Abstract Abstract
The Division of Birds, National Museum of Natural History, Smithsonian Institution in Washington, DC, has obtained and released DNA barcodes for 2808 frozen tissue samples. Of the 1,403 species represented by these samples, 1,147 species have not been barcoded previously. This data release increases the number of bird species with standard barcodes by 91%. These records meet the data standard of the Consortium for the Barcode of Life and they have the reserved keyword BARCODE in GenBank. The data are now available on GenBank and the Barcode of Life Data Systems.

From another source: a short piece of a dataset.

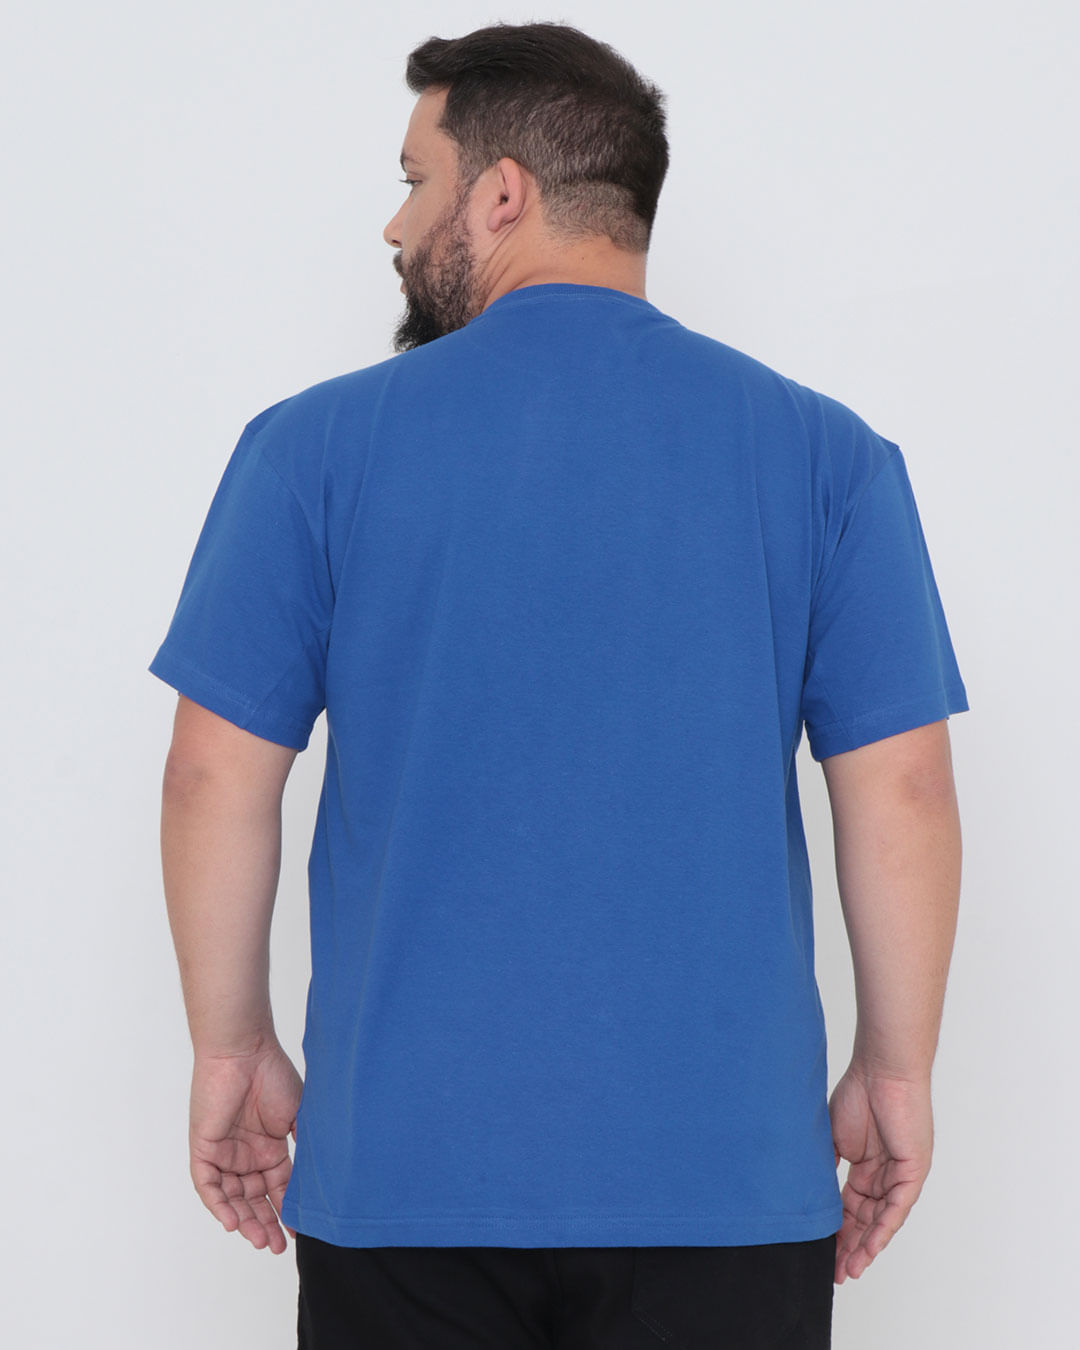 Camiseta-Plus-Size-Manga-Curta-Estampa-Fatal-Azul-Escuro

Keywords: DNA barcoding, GenBank, BOLD, genomics
Introduction
The Division of Birds, National Museum of Natural History of the Smithsonian Institution (USNM), has released approximately 2800 DNA barcode data records into the public domain through GenBank and the Barcode of Life Data Systems (BOLD). These records were derived from the Division’s extensive collection of frozen tissues that are linked to voucher specimens in the Museum. The data adhere to the DNA barcode data standard (Consortium for the Barcode of Life 2005) and accordingly they have been labeled by GenBank with the reserved keyword ‘BARCODE’. This new public dataset adds 1,147 newly barcoded species to the 1,259 species in GenBank that meet the BARCODE data standard. This increase of 91% in the DNA reference library for birds serves as a model for how frozen tissue collections in major biorepositories can be digitized through barcoding and made more accessible to the research community.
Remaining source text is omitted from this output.